Well, the motto is loved by people who engage in this kind of vigilante justice that cares little about the law. And well, many of the cases I mentioned before were actually legal at the time. (And some of these abuses remain legal). Attaching "consequences" -legal or not- to speech is another way to control and suppress speech. Unsafe speech is not free speech.


----------



## Mercurius (Oct 26, 2020)

Janx said:


> Poe's law and all.  Mein Kamf disproves you right there.  It specifically targets a group with hate.
> 
> But I think we can rule out works that specifically target a group with hate.  Those are inherently offensive.  That's their goal.
> 
> ...




I'm confused about your first four paragraphs, because you're saying I'm "disproved" but then you say things that I agree with. We're not talking about Hitler (Godwin!) or political manifestos, but art and literature.

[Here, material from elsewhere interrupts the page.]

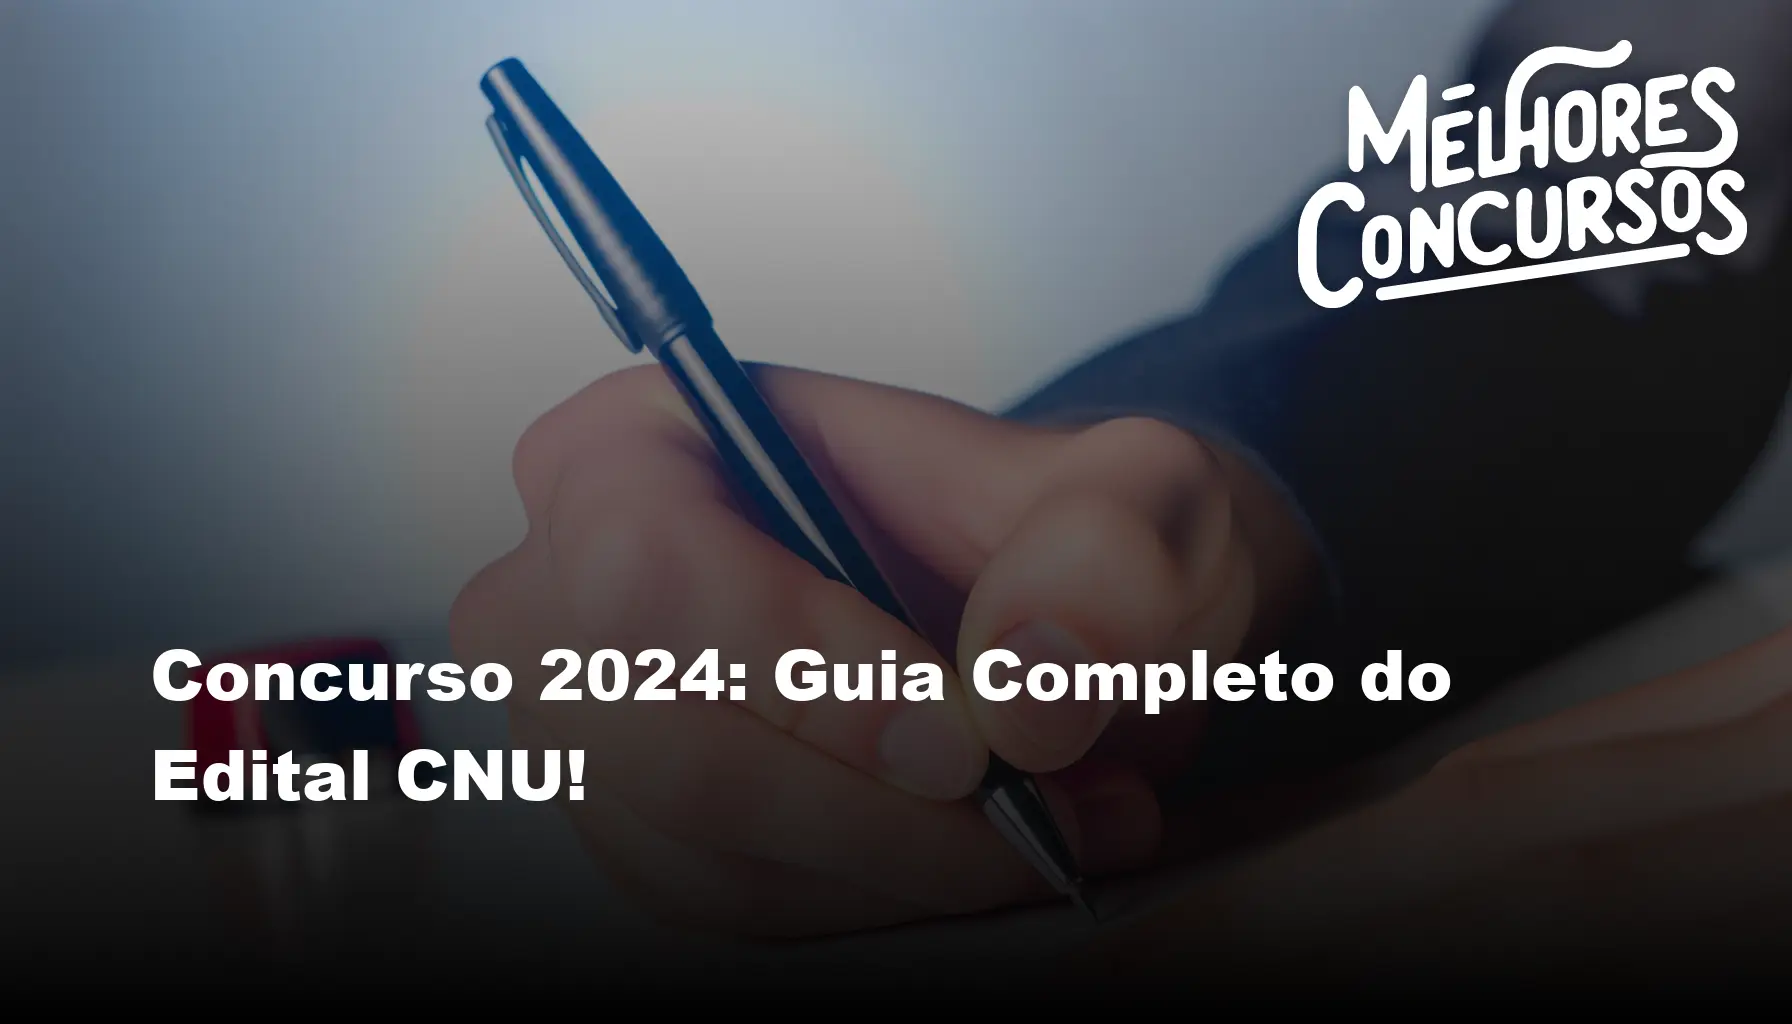 Concurso 2024 Guia Completo do Edital CNU!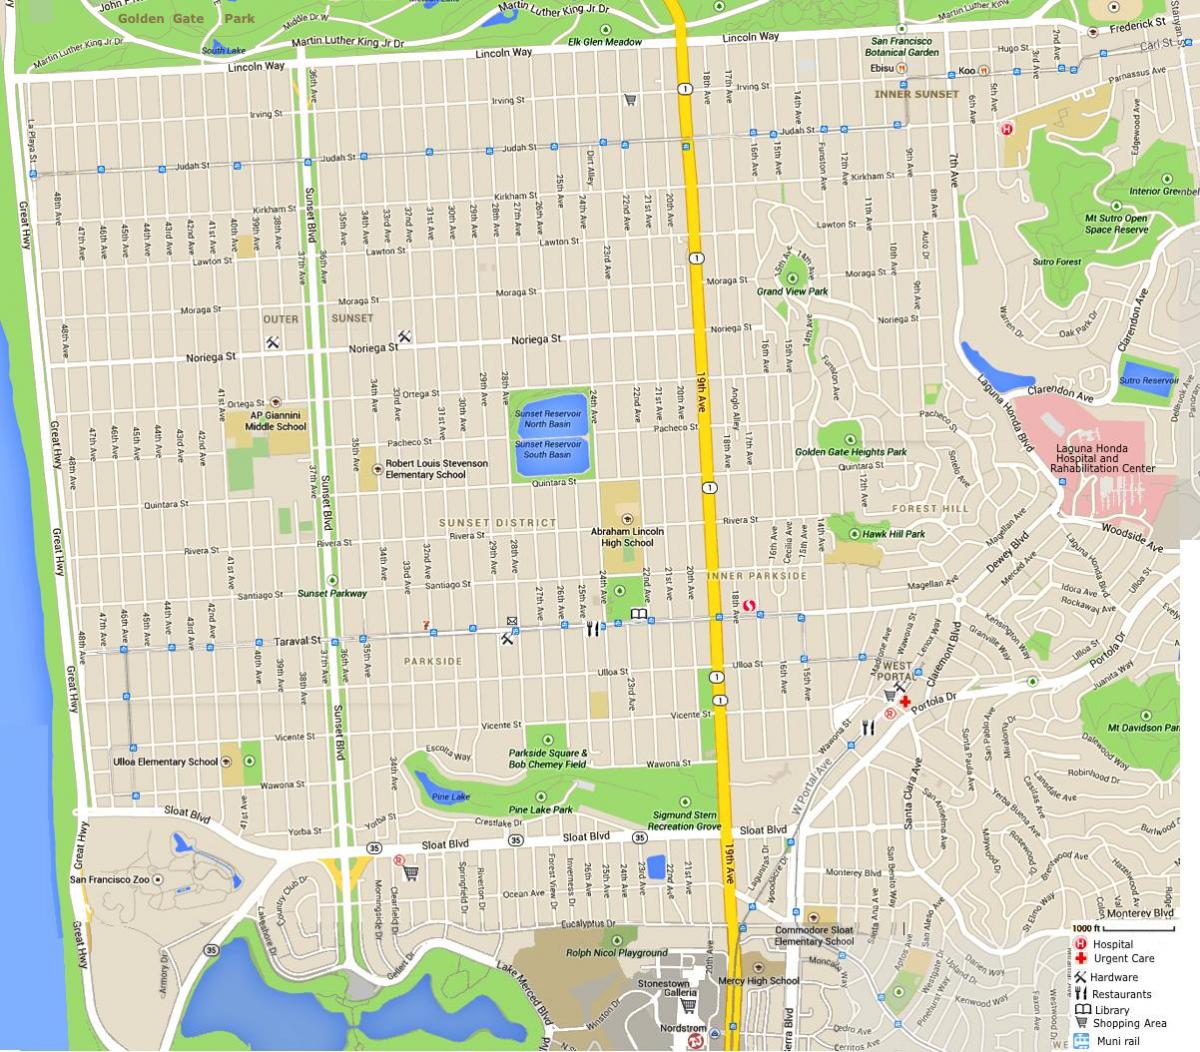 Peta dari san francisco San Francisco

As far as Striped Pajamas is concerned, "what is right" changes and varies depending on time, context, and the individuals involved. There isn't one "true and right way" to depict transgender people, or any group. I think we need to disentangle ourselves a bit from this pervasive idea that categories of people all have a "right way" to think and be depicted. Every such depiction is the expression of a single individual, who has their experience and biases and is really just a snapshot in time.


----------



## Umbran (Oct 26, 2020)

Mercurius said:


> I am advocating for artistic freedom.




Which, to beat the same drum... comes with a responsibility you don't talk about much.



> Let artists produce what they want to produce, and let them decide how they think about their work...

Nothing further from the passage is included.